Pembrolizumab + Imprime PGG for Metastatic Non-small Cell Lung Cancer After Progression on First-Line Therapy: Big Ten Cancer Research Consortium BTCRC-LUN15-017

Phase 1

Completed

• Conditions: Non-Small Cell Lung Cancer
• Interventions: Drug: Imprime PGG; Drug: MK-3475

• Registration Number: NCT03003468
• Lead Sponsor: Lawrence Feldman, MD

Brief Summary

This is an open label, multi-institutional, single arm study with a dose escalation phase Ib cohort, followed by a phase II cohort of pembrolizumab and Imprime PGG. No randomization or blinding is involved.

Detailed Description

OUTLINE: This is a multi-center study.

The phase Ib dose escalation will evaluate the combination of pembrolizumab and Imprime PGG for subjects with metastatic non-small cell lung cancer (NSCLC) after progression on first-line platinum-based chemotherapy. The phase II trial will test whether addition of Imprime PGG to pembrolizumab will increase median progression-free survival (PFS) in second line therapy setting in NSCLC.

PHASE Ib DOSE ESCALATION INVESTIGATIONAL TREATMENT:

Cohort 1 will consist of 3-6 patients who will receive

* Imprime PGG 2 mg/kg IV on Days 1, 8, 15 for Cycles 1-4

* Imprime PGG 2 mb/kg IV on Day 1 for Cycles 5-16

* Pembrolizumab 200 mg IV on Day 1 (cycle = 21 days)

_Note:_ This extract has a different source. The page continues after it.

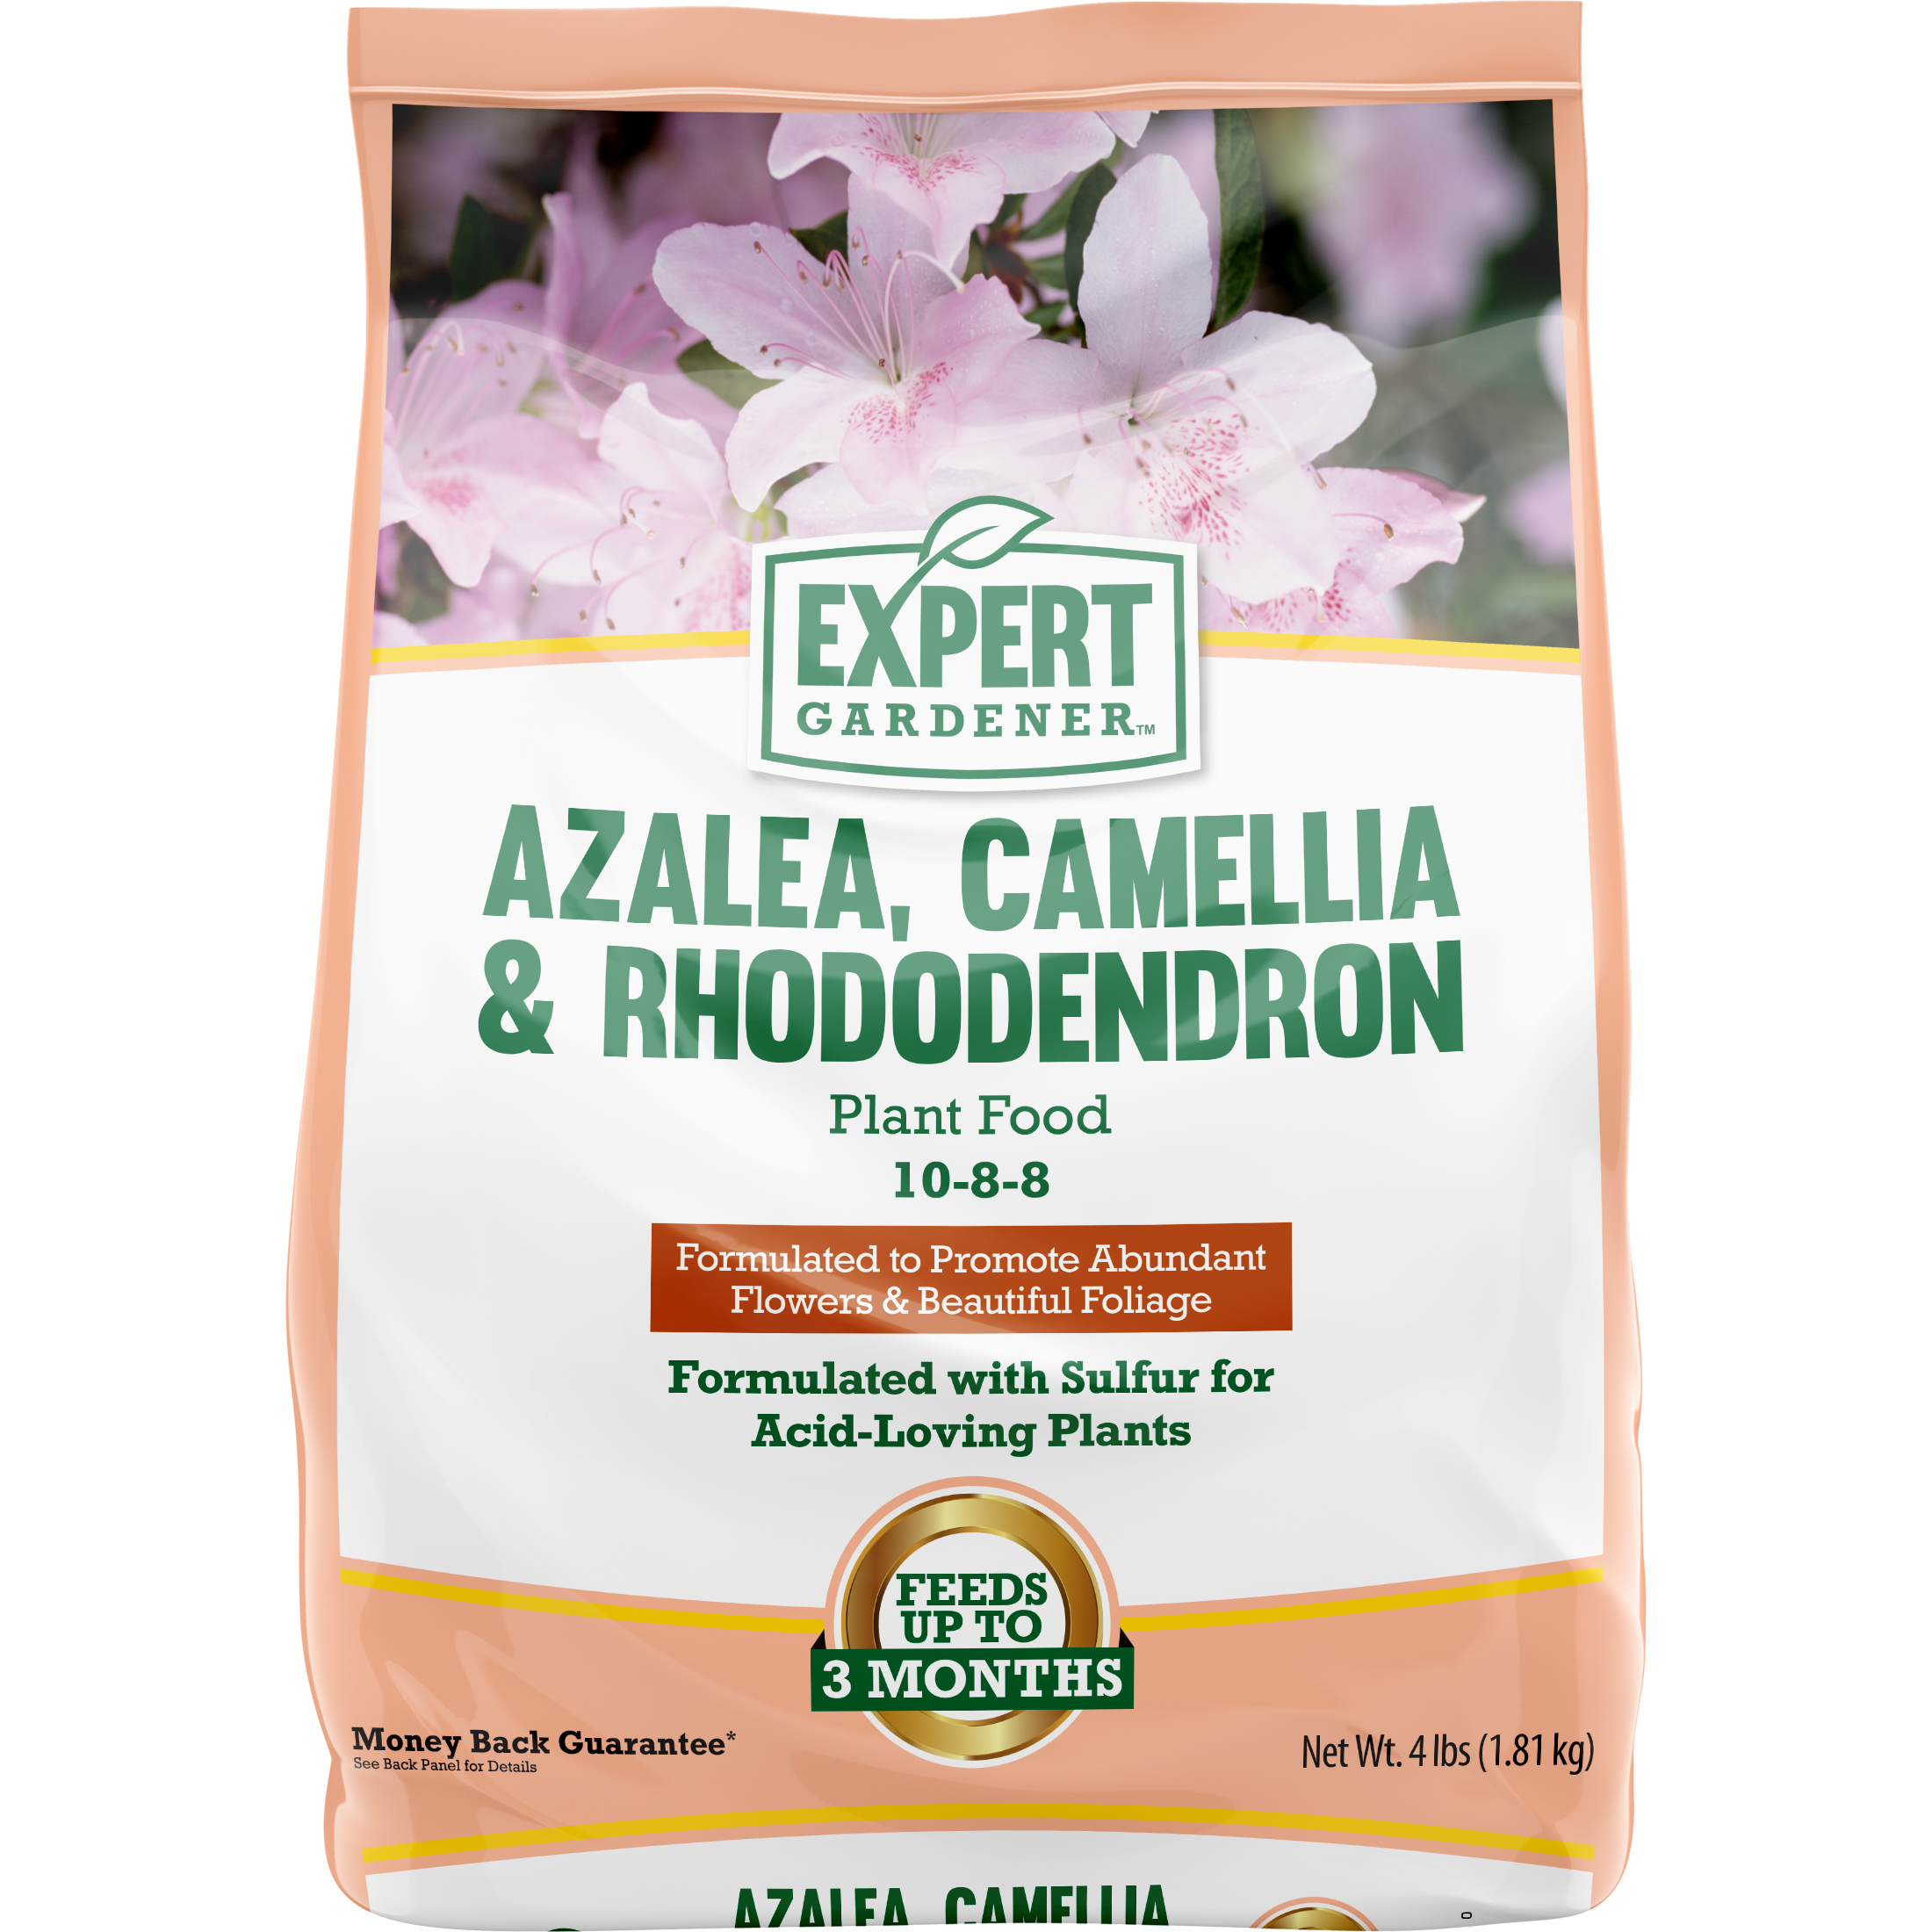 Expert Gardener Azalea, Camellia & Rhododendron Plant Food Fertilizer 10-8-8, 4 lb. - image 1 of 8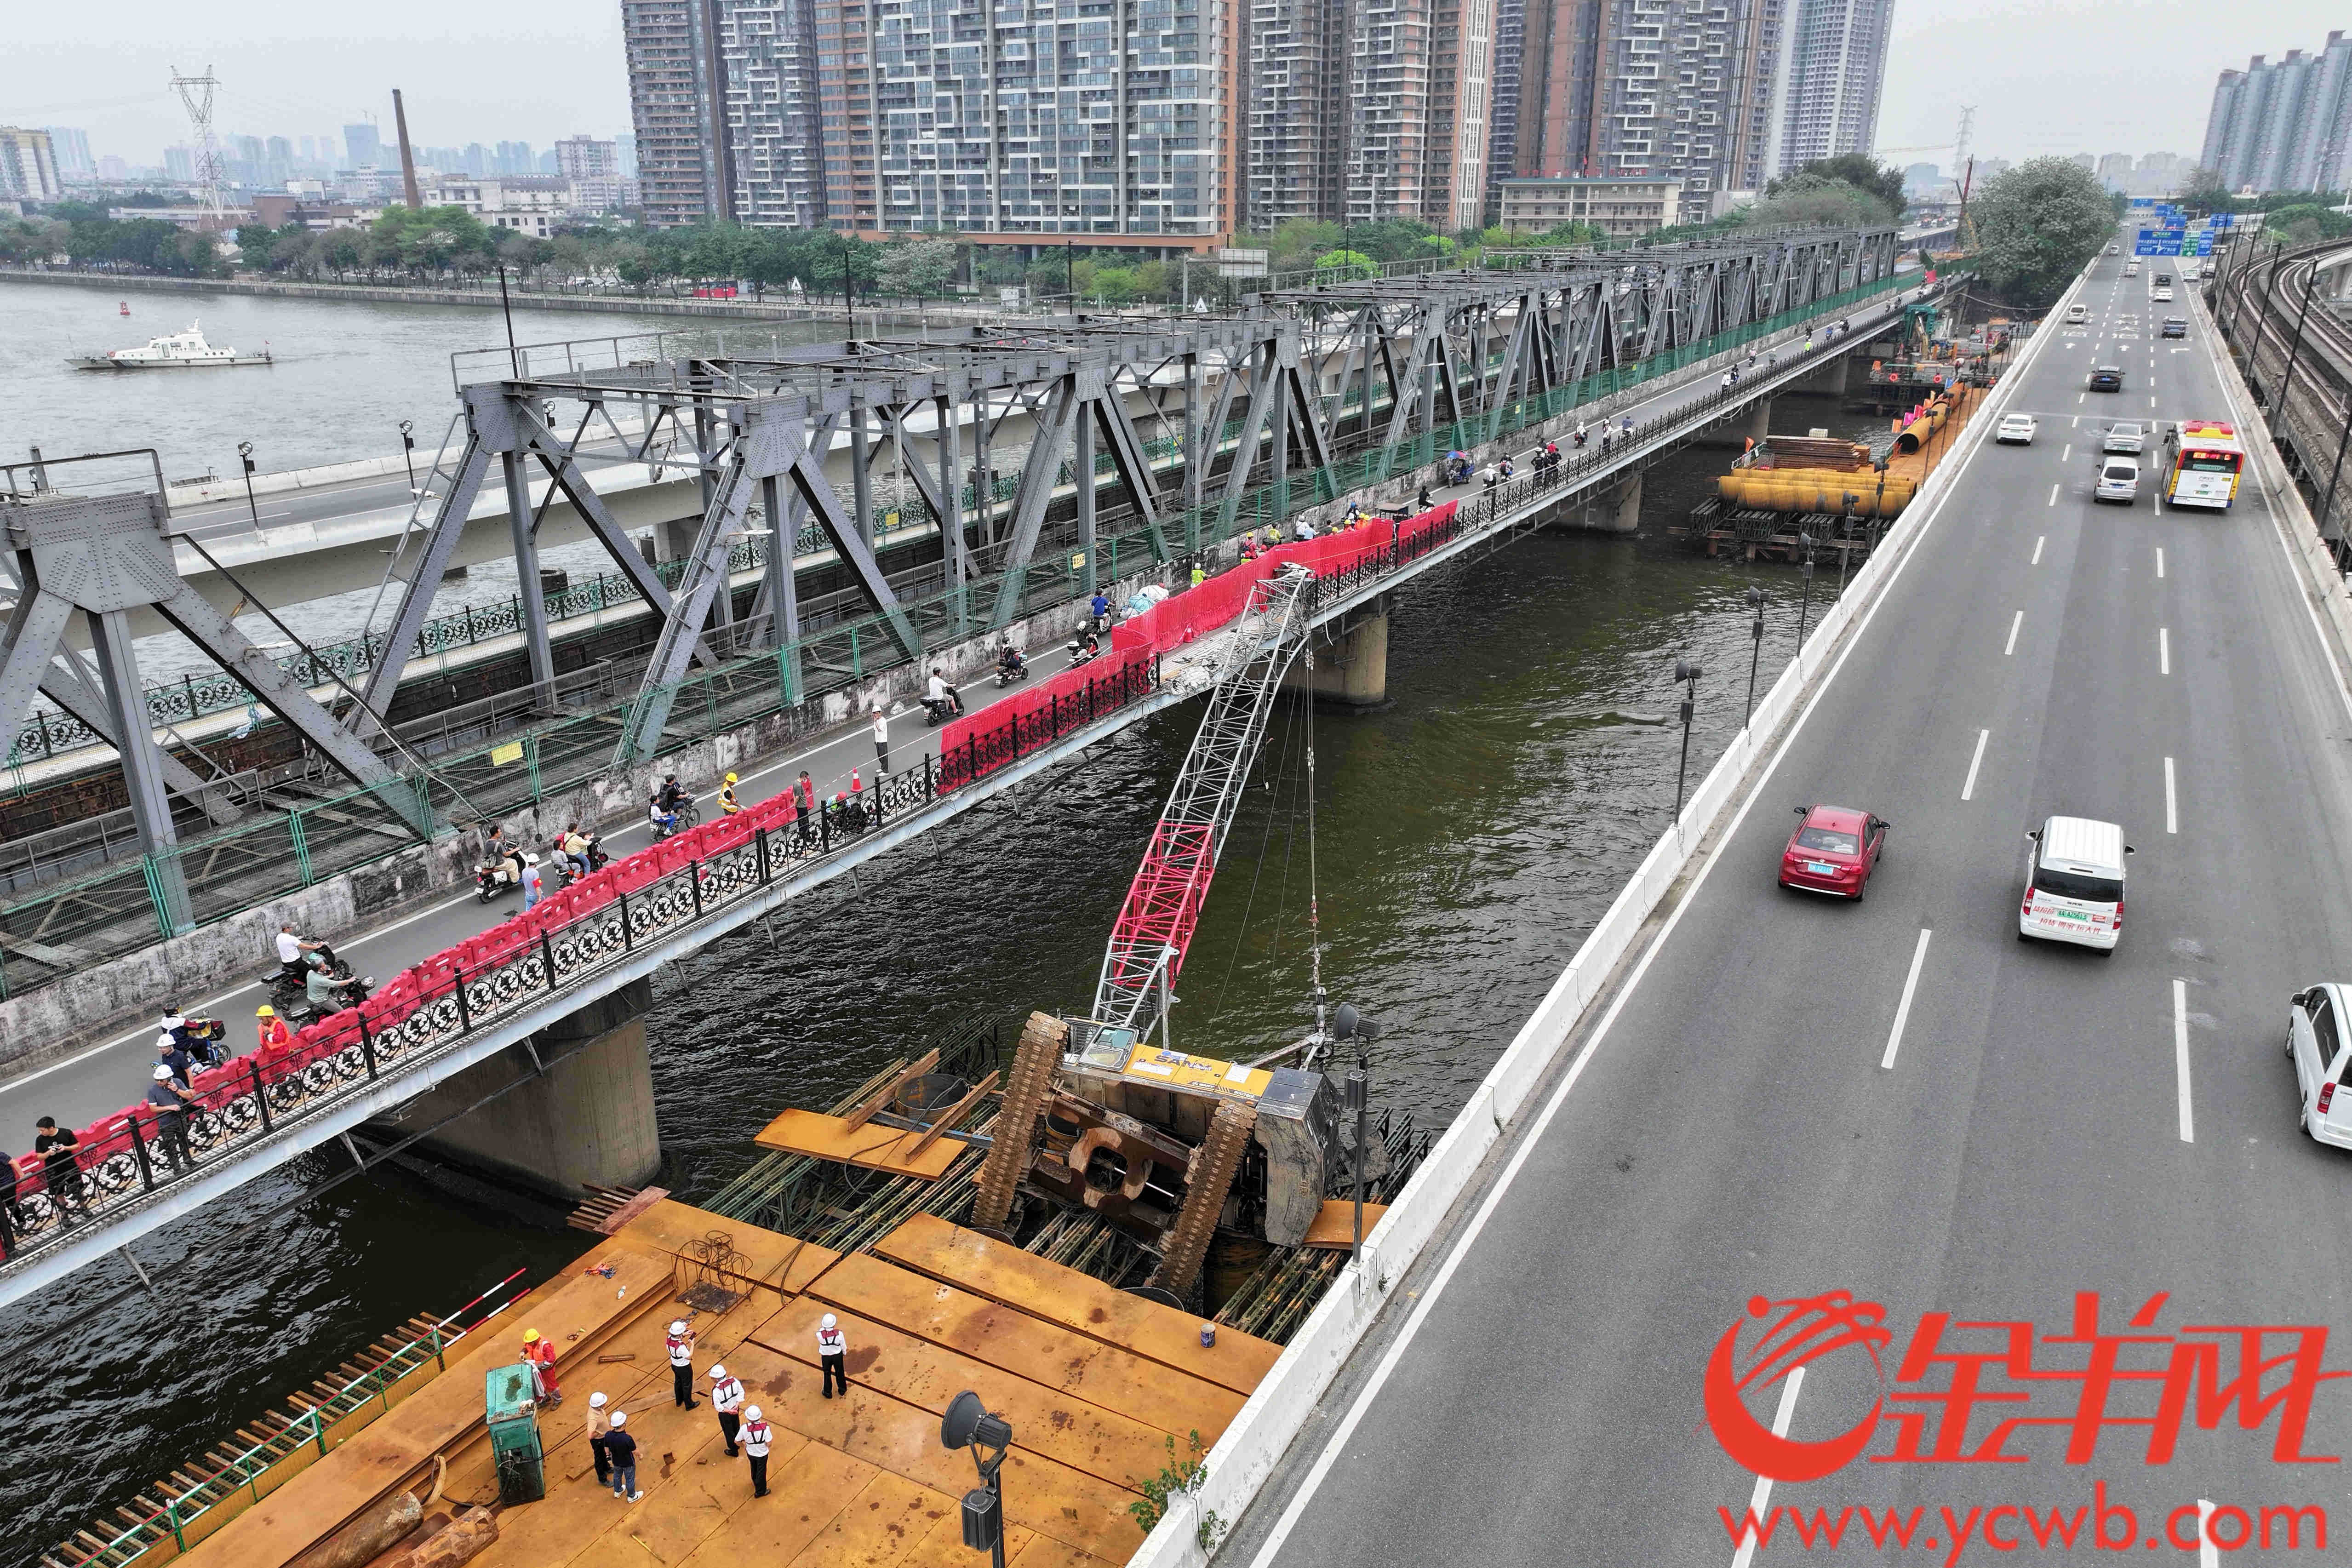 Bwin必赢广州珠江大桥吊机颠覆致局部桥体毁伤施工方称“司机操作不妥导致”(图2)

Cohort 2 will consist of 3-6 patients who will receive

* Imprime PGG 4 mg/kg IV on Days 1, 8, 15 for Cycles 1-4

* Imprime PGG 2 mb/kg IV on Day 1 for Cycles 5-16

* Pembrolizumab 200 mg IV on Day 1 (cycle = 21 days)

If none of the 3 subjects experience a dose limiting toxicity (DLT) during the first cycle of therapy, an additional three subjects will be enrolled at dose level 2. If all subjects in dose level 2 complete the first cycle of therapy without DLT, 3 more subjects will be enrolled into dose level 2 to ensure only 0-1 of 6 subjects have a DLT. There will be no further escalation beyond dose level 2.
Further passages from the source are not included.